**WORK INSTRUCTION:**
A line below contains "Israa Gamal Mohie", and a later one contains "Radamel Falcao of". Repeat both, with every line between them, exactly.

**MATERIALS PROVIDED:**
┌────────

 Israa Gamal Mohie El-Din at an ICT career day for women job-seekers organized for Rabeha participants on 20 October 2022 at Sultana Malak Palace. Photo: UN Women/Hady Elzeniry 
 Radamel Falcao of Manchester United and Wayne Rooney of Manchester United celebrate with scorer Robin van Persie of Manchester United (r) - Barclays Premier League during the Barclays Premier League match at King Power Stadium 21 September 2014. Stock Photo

└────────
┌────────

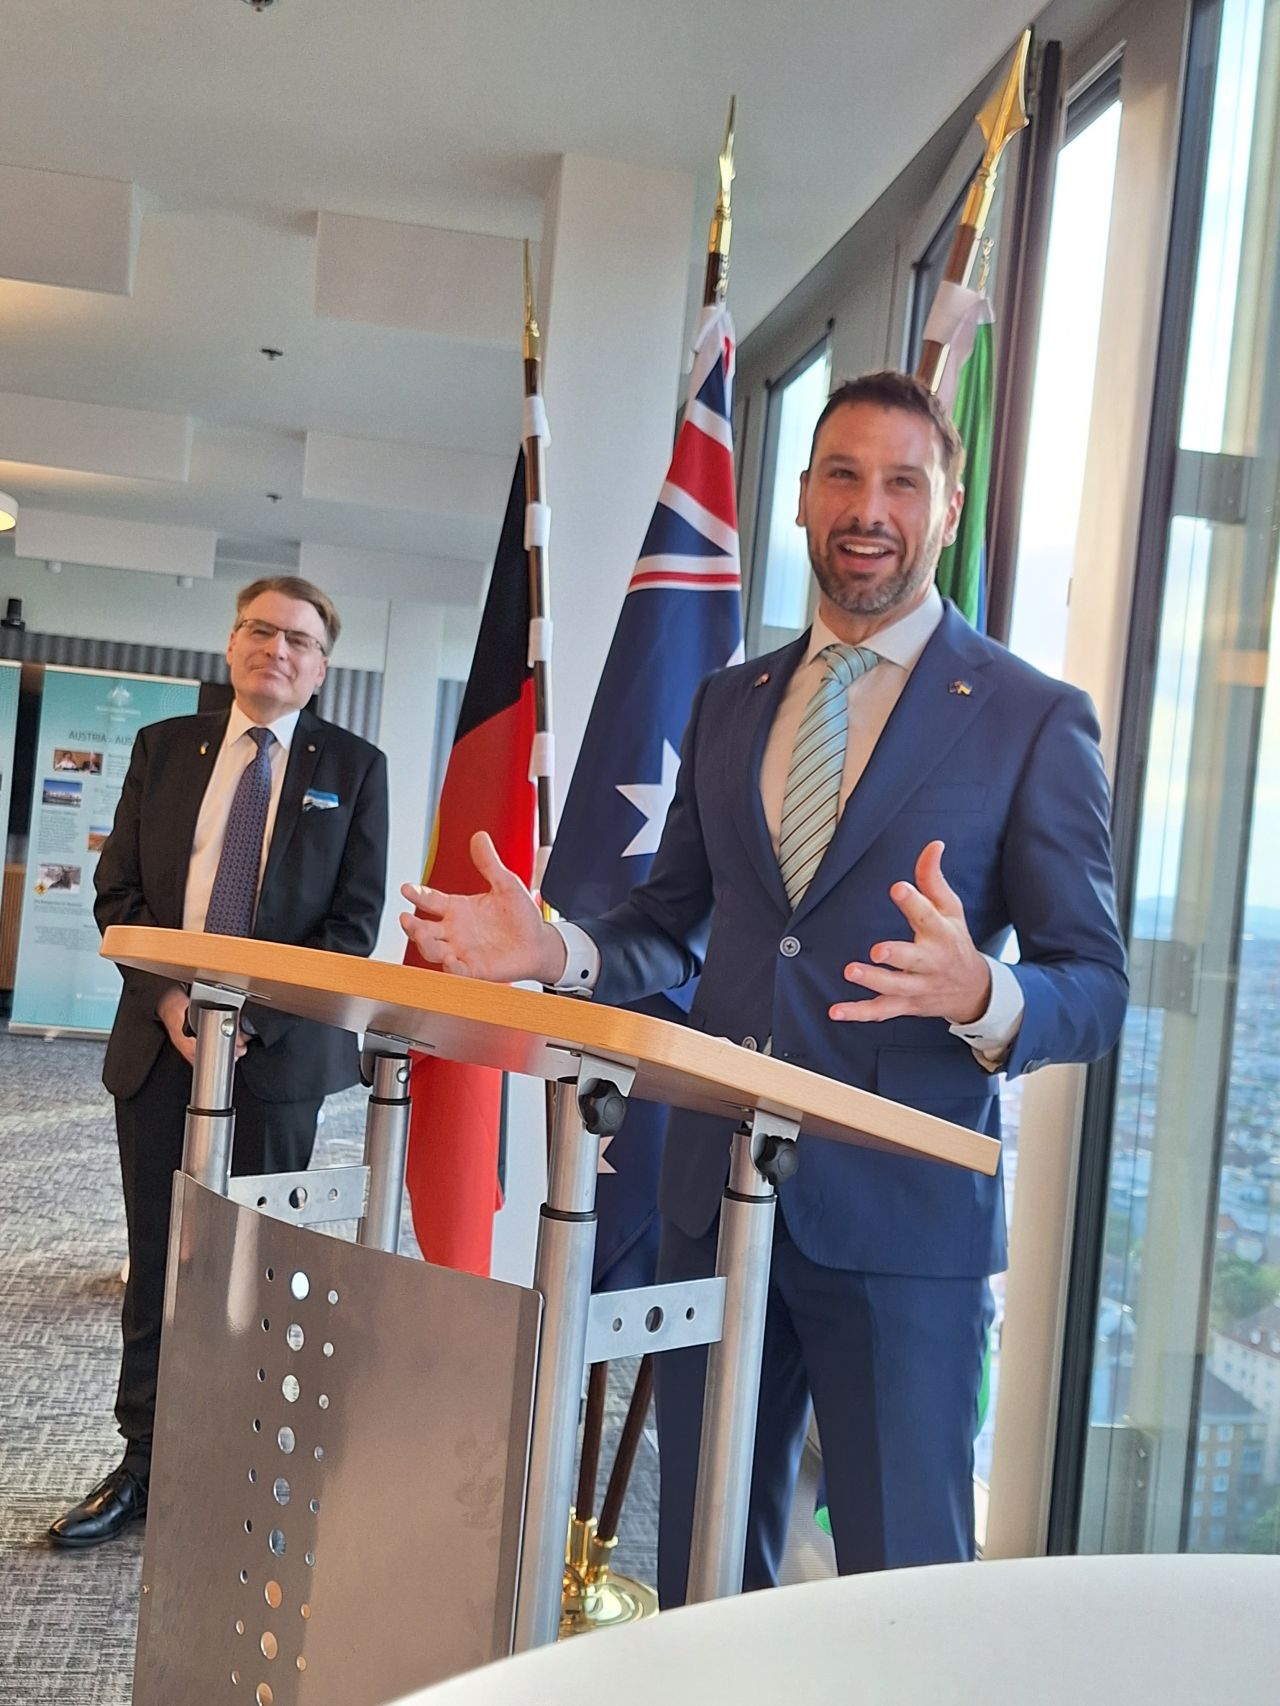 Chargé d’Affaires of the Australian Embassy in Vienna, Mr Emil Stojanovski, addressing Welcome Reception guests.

└────────

**ANSWER TO THE EXERCISE:**
 Israa Gamal Mohie El-Din at an ICT career day for women job-seekers organized for Rabeha participants on 20 October 2022 at Sultana Malak Palace. Photo: UN Women/Hady Elzeniry 
 Radamel Falcao of Manchester United and Wayne Rooney of Manchester United celebrate with scorer Robin van Persie of Manchester United (r) - Barclays Premier League during the Barclays Premier League match at King Power Stadium 21 September 2014. Stock Photo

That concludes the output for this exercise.